___ Supplied information
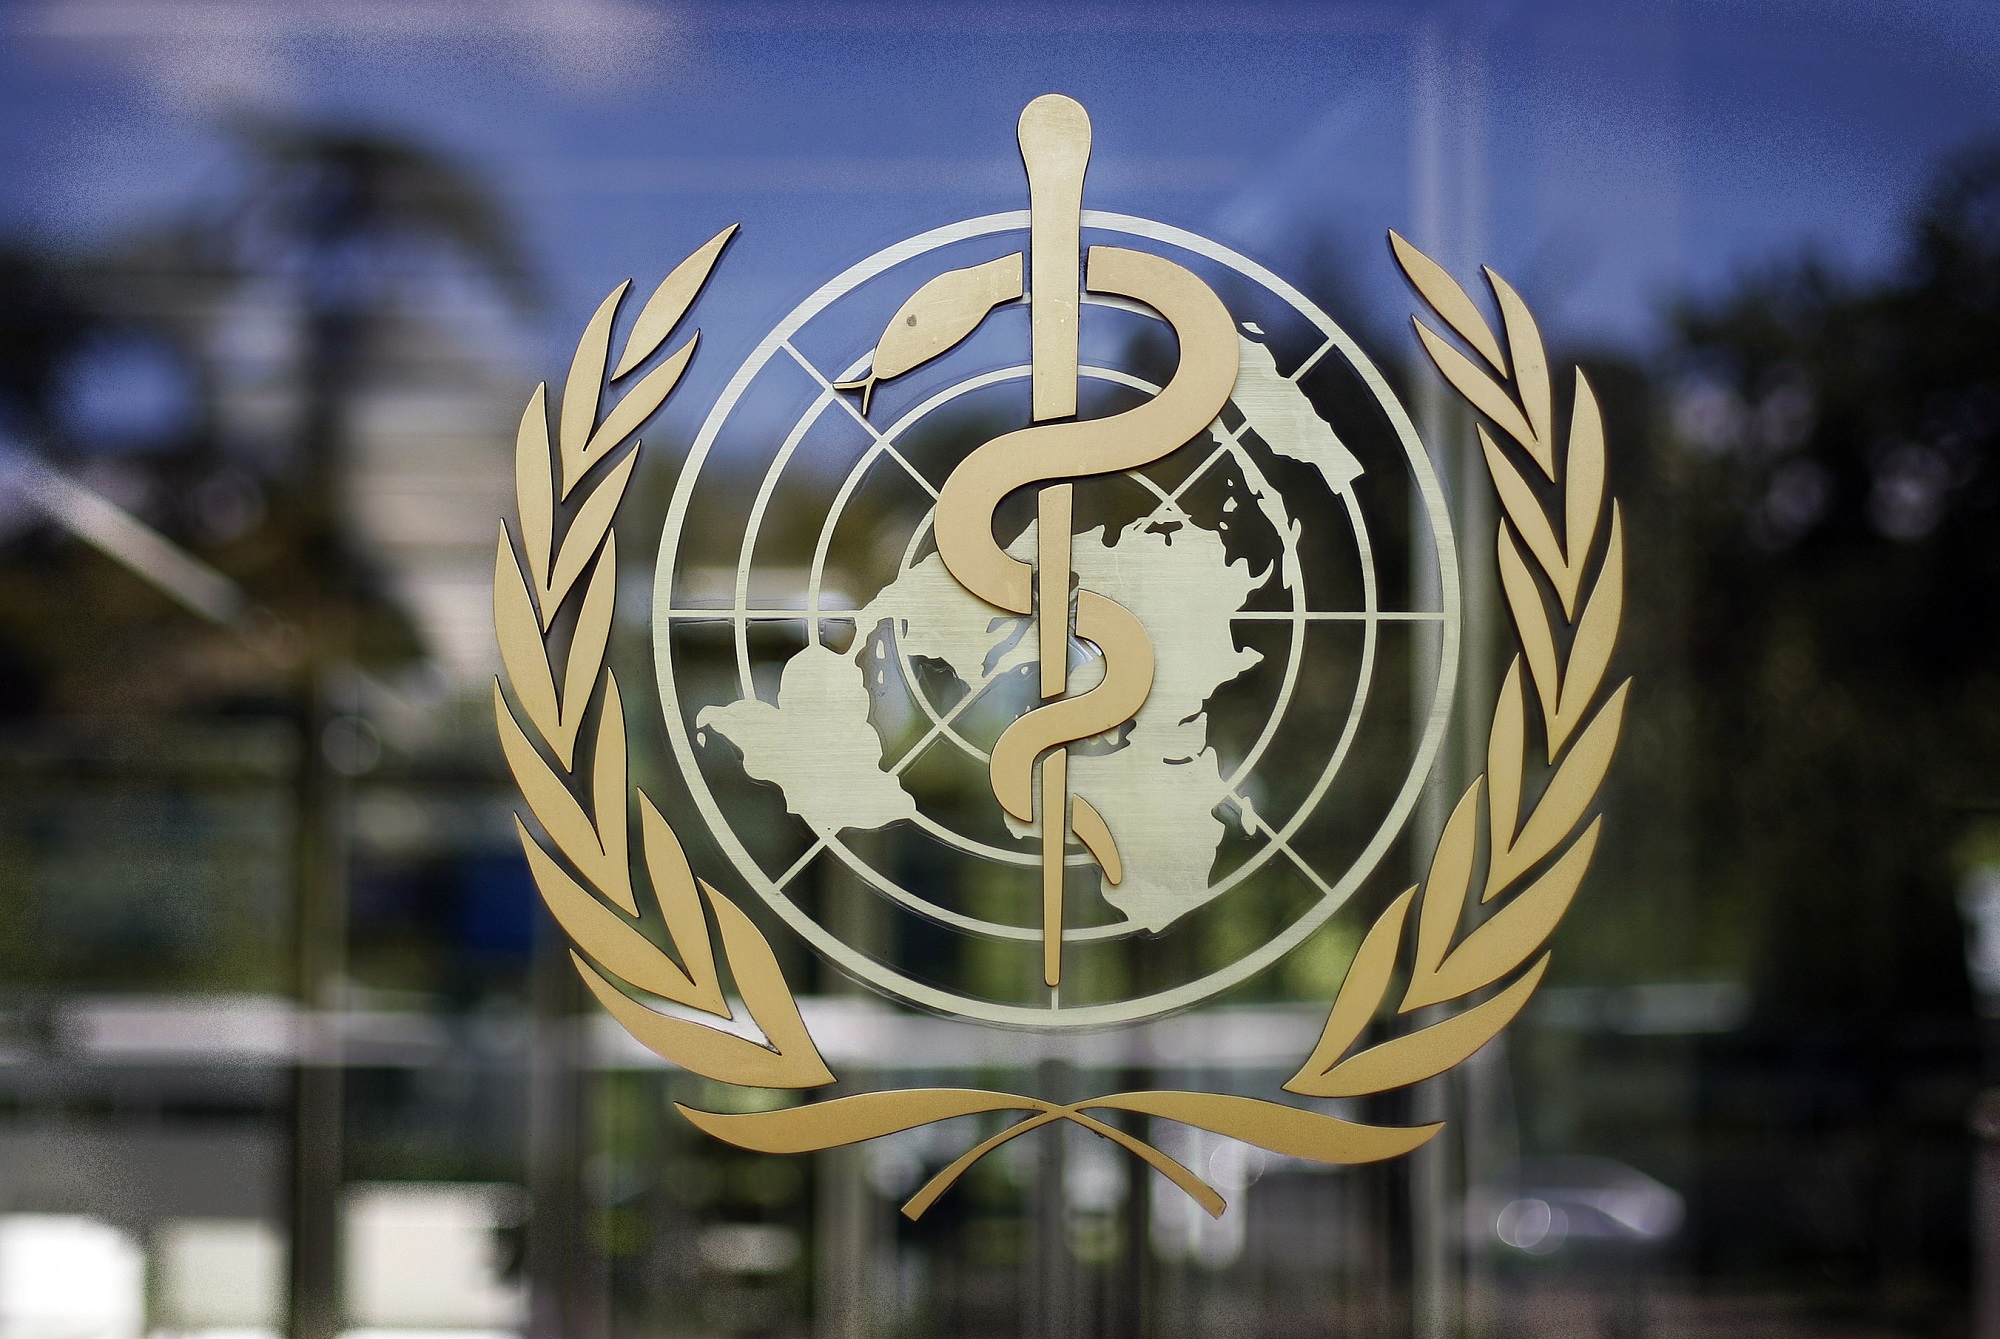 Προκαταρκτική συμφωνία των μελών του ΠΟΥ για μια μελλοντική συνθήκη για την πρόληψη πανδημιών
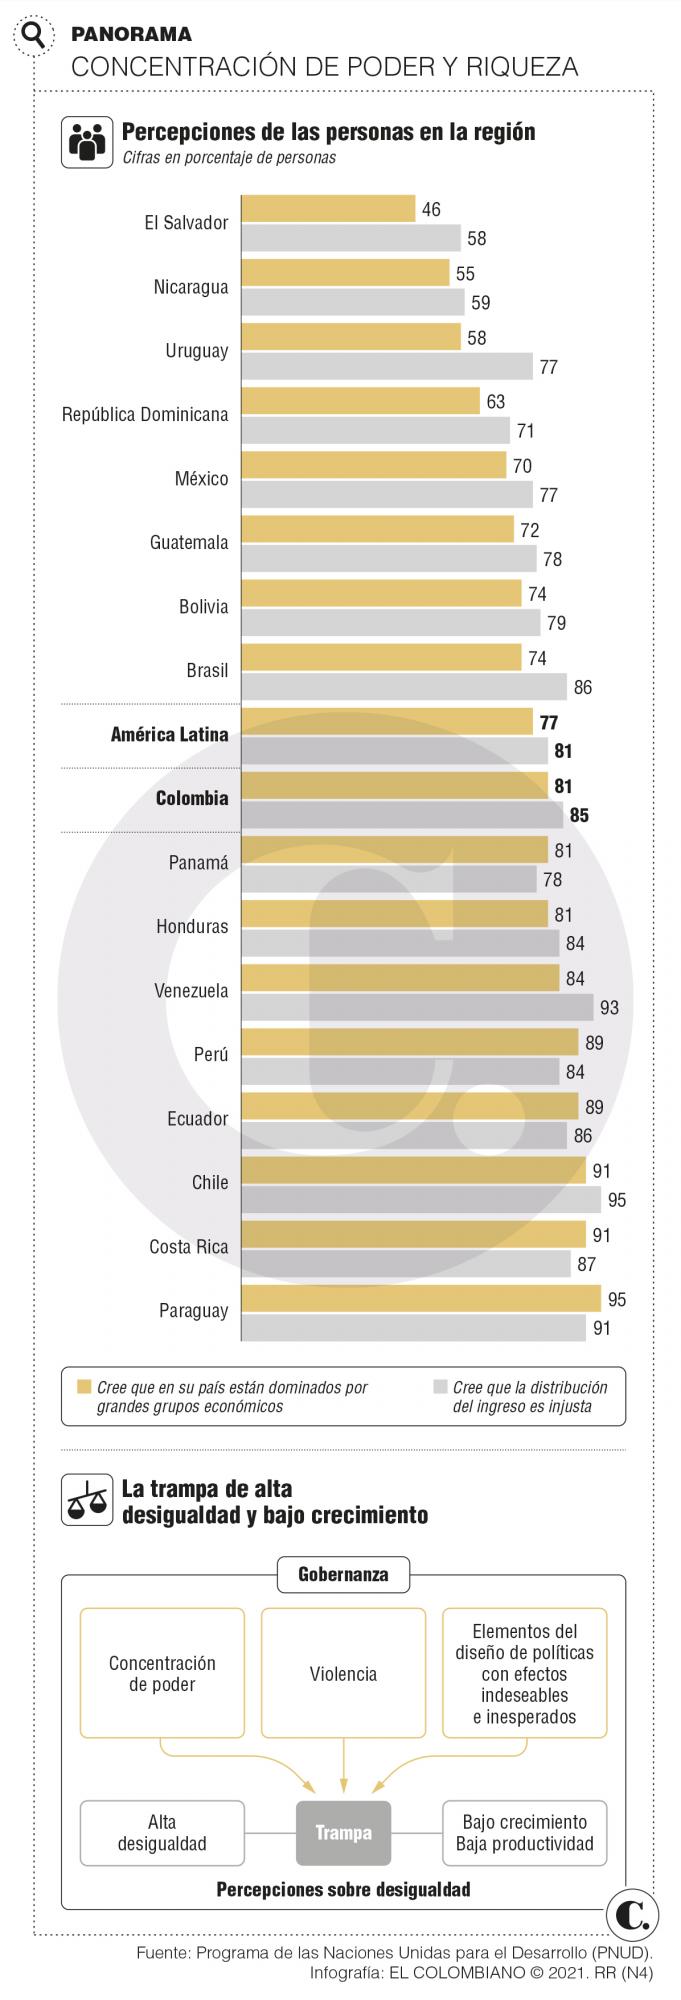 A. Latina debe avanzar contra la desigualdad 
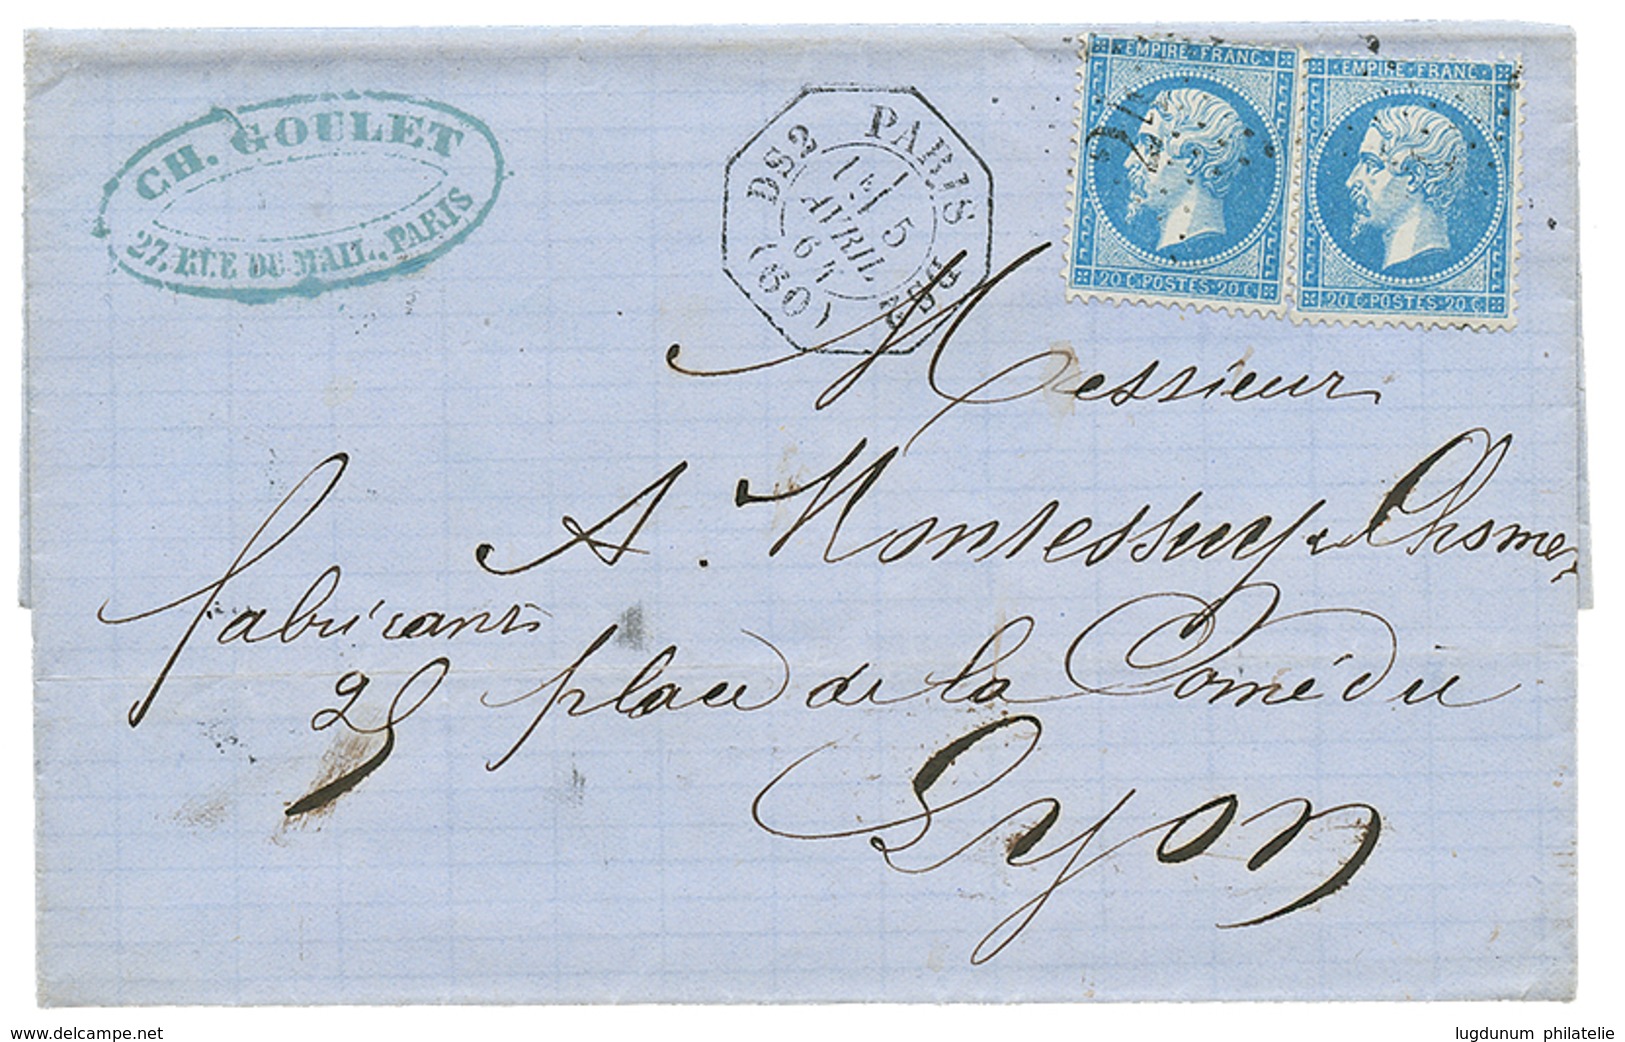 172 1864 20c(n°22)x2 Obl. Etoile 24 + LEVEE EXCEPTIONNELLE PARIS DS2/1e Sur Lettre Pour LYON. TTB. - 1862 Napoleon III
______
From the first line to the last, copy the listing above exactly, dropping all images.

 Προκαταρκτική συμφωνία των μελών του ΠΟΥ για μια μελλοντική συνθήκη για την πρόληψη πανδημιών
 A. Latina debe avanzar contra la desigualdad 
 172 1864 20c(n°22)x2 Obl. Etoile 24 + LEVEE EXCEPTIONNELLE PARIS DS2/1e Sur Lettre Pour LYON. TTB. - 1862 Napoleon III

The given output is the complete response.